Being so young and naked, it’s difficult to pin—or want to pin—any creation myth on The xx. To most of their audience, they were born full-grown. In the few years of their public existence you can mark their emergence into adulthood through publicity photographs, the progressively more conservative haircuts, the upgrade of black hoodies for black designer jackets, expensive clothes they’ve largely been given for free. It’s a trajectory not dissimilar to Drake or Rihanna’s, but those stars are loved; The xx is beloved. The difference may mean millions of fans or dollars, but it’s allowed them creative freedom and a general sense of everydayness. In the past year, all three members of the group purchased apartments in the Shoreditch neighborhood of East London, a neighborhood that is medium-expensive and canonized cool, not up-and-coming cool. They praise its convenience, though living among your target audience can have its perils, however self-fulfilling. “You would think, Oh, band moves to Shoreditch,” says Madley-Croft. “I felt like a walking cliché.” But they’re a big band inside a little band, their outsize influence incompletely translated to their real lives. Even if the times when it does tease its way in don’t seem so bad. “Every now and then a cab driver will be like, Oh yeah, ‘Islands’ and you’ll be like, Ha, this is great!” says Madley-Croft. “Once me and Oliver were in the back of this cab, and [the driver] was like, ‘Oh, my son is going to be so happy.’ It was lovely.” What draws a cabbie to The xx is the same as what draws a big personality like Shakira—pop music’s ability to synthesize the personally pivotal into the universally mundane.

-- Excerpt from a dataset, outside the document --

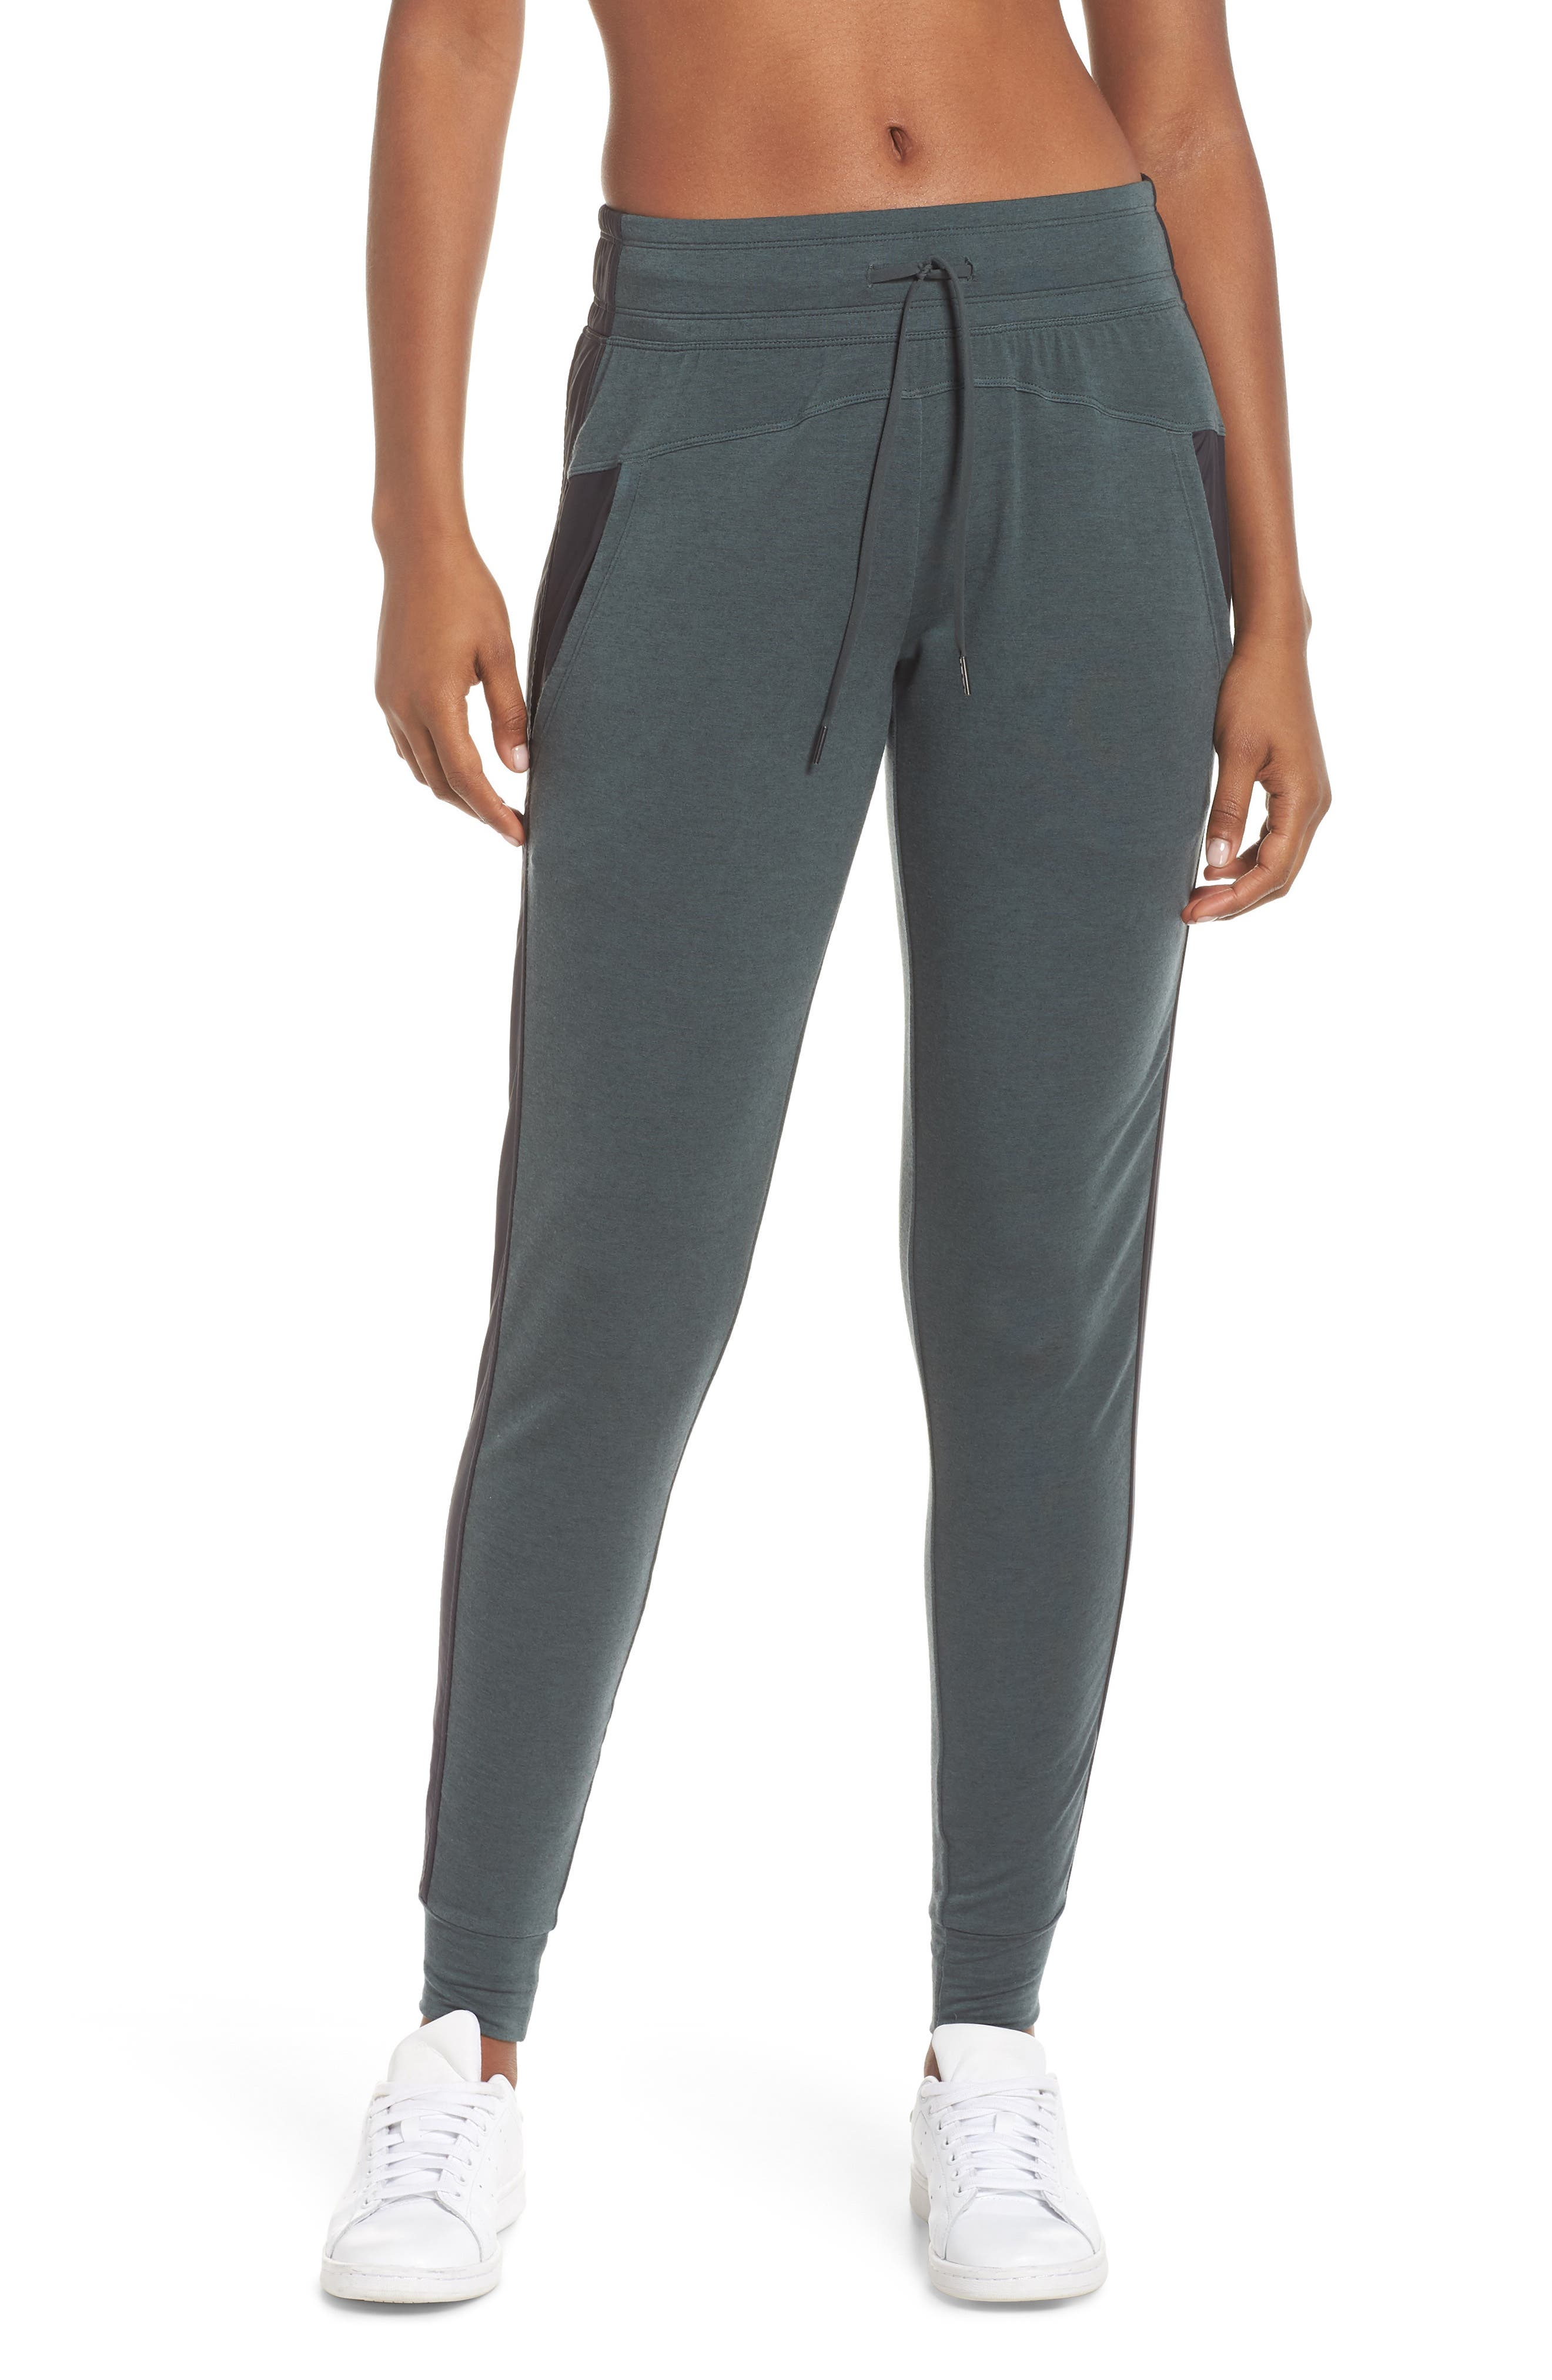 Milla Jogger Pants,                         Main,                         color, 321
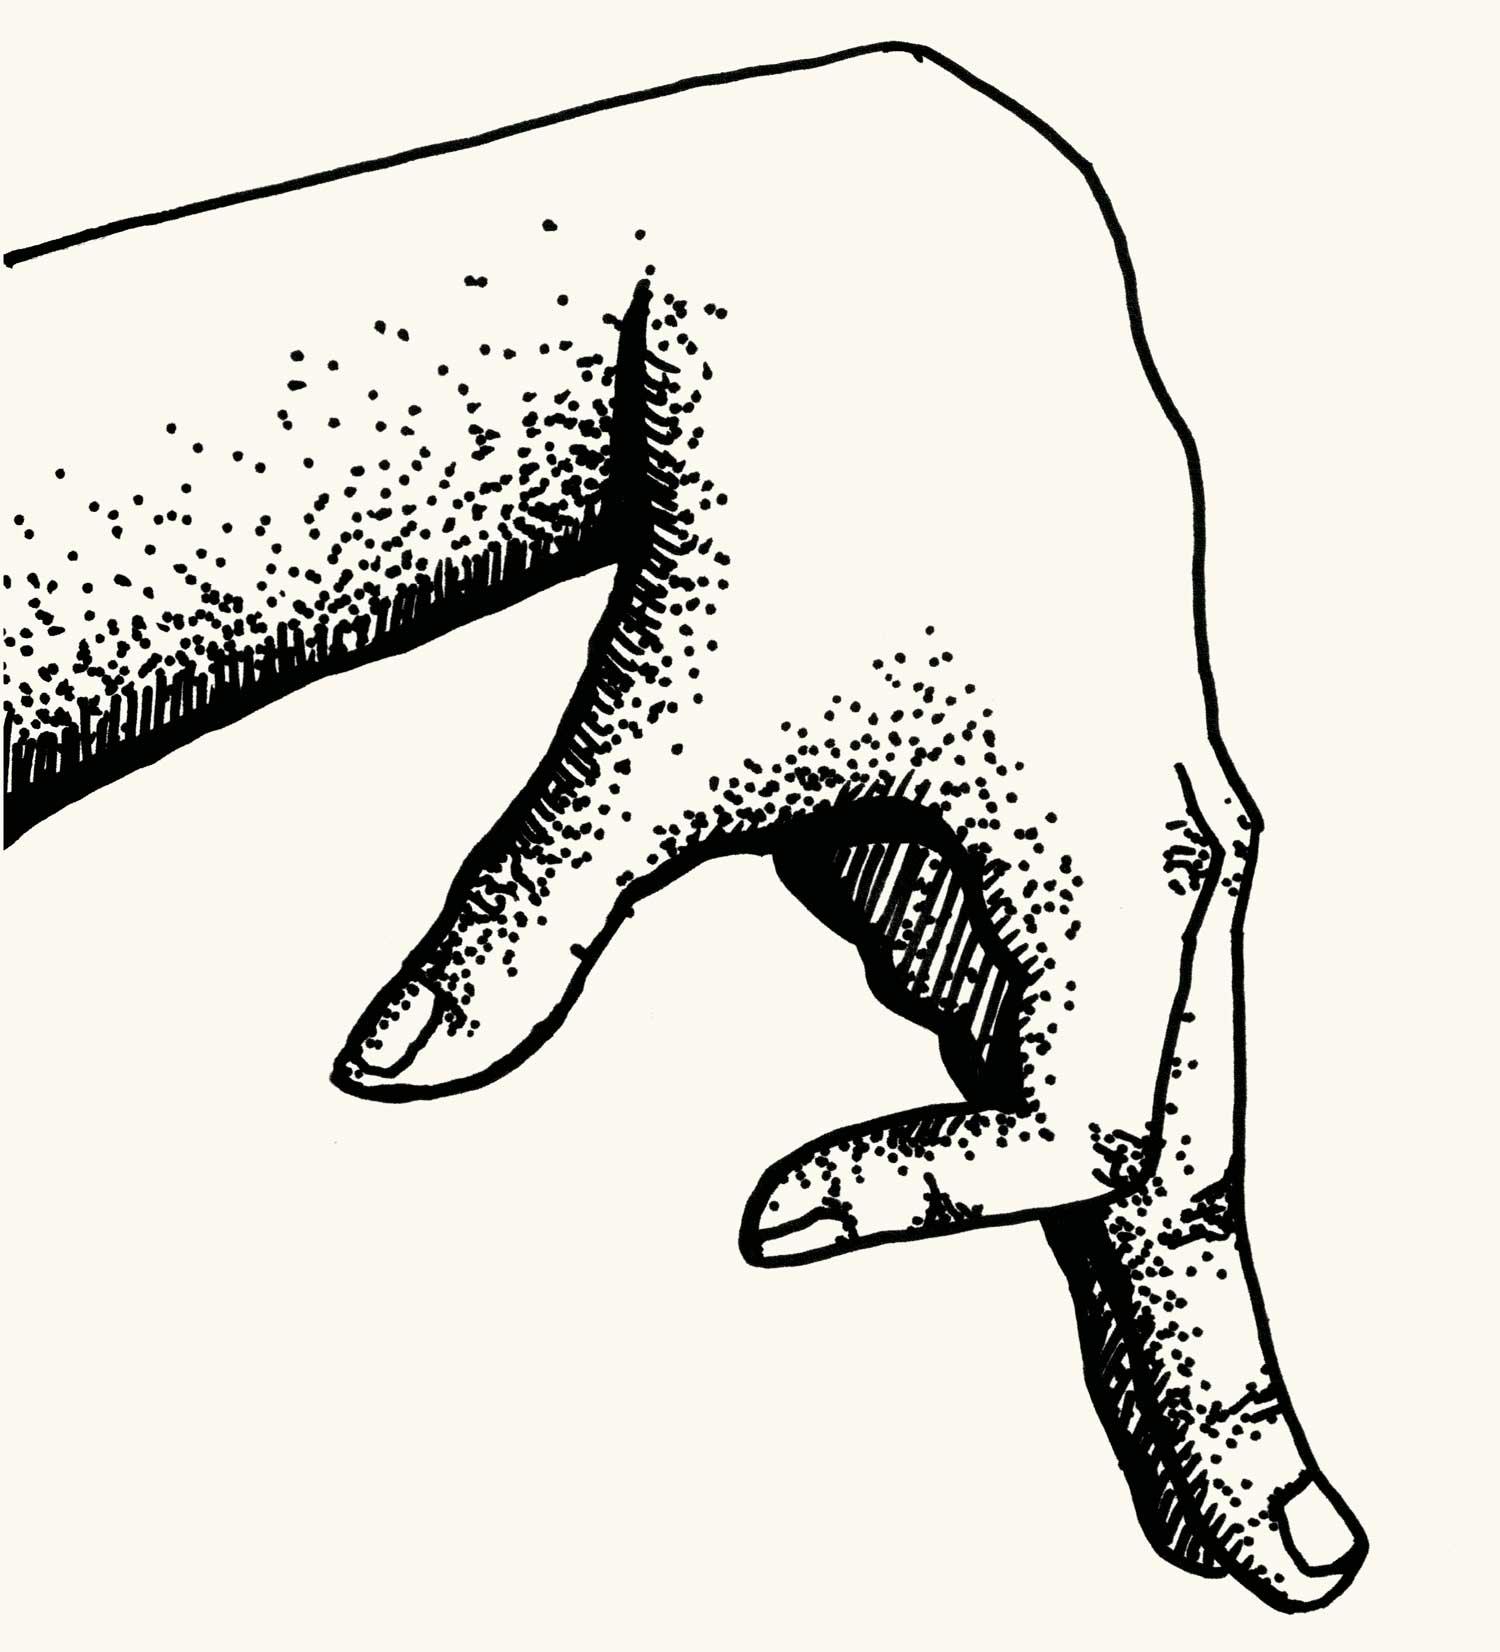 Common gang symbols image collections symbol and sign ideas california gang hand symbols buycottarizona biocorpaavc

Fittingly, there is no backstage at Electrowerkz, so before The xx take the stage for their comeback show, they have to walk through the crowd. A pocket of the band’s friends have gathered near stage left. They look cooler than the rest of the audience members, with more severe haircuts and more expensive fabrics, generally better looking. Madley-Croft’s girlfriend, clothing designer Hannah Marshall, takes a lot of photos with her iPhone using an app called Noir. “This is our first show in almost two years,” says Sim. Everyone cheers. They start with “Angels” and though there is a hush, it’s far from pin-drop silent. The chatter continues throughout the rest of the show, with little deference to the new songs. The old ones prompt sing-a-longs. The concert feels more like a technicality, something to talk about later more than actually enjoy. Smith is the first one to bungle his part, twice flubbing the introduction to “Islands,” which he’d tirelessly tried to work out on the V-Pads earlier that the week, but relegated back to the MPC. “We’ve been in the studio the past year and a half, so I’m not going to downplay how terrifying this is,” Sim says. When they finish their set, he makes a peculiar announcement. “We can’t do an encore because we’d have to walk through the crowd.” There’s a dutiful smattering of applause and they begin to play “Intro.” People cheer at the familiar notes. Afterwards they still have to walk through the crowd. There are a lot of light bulb flashes.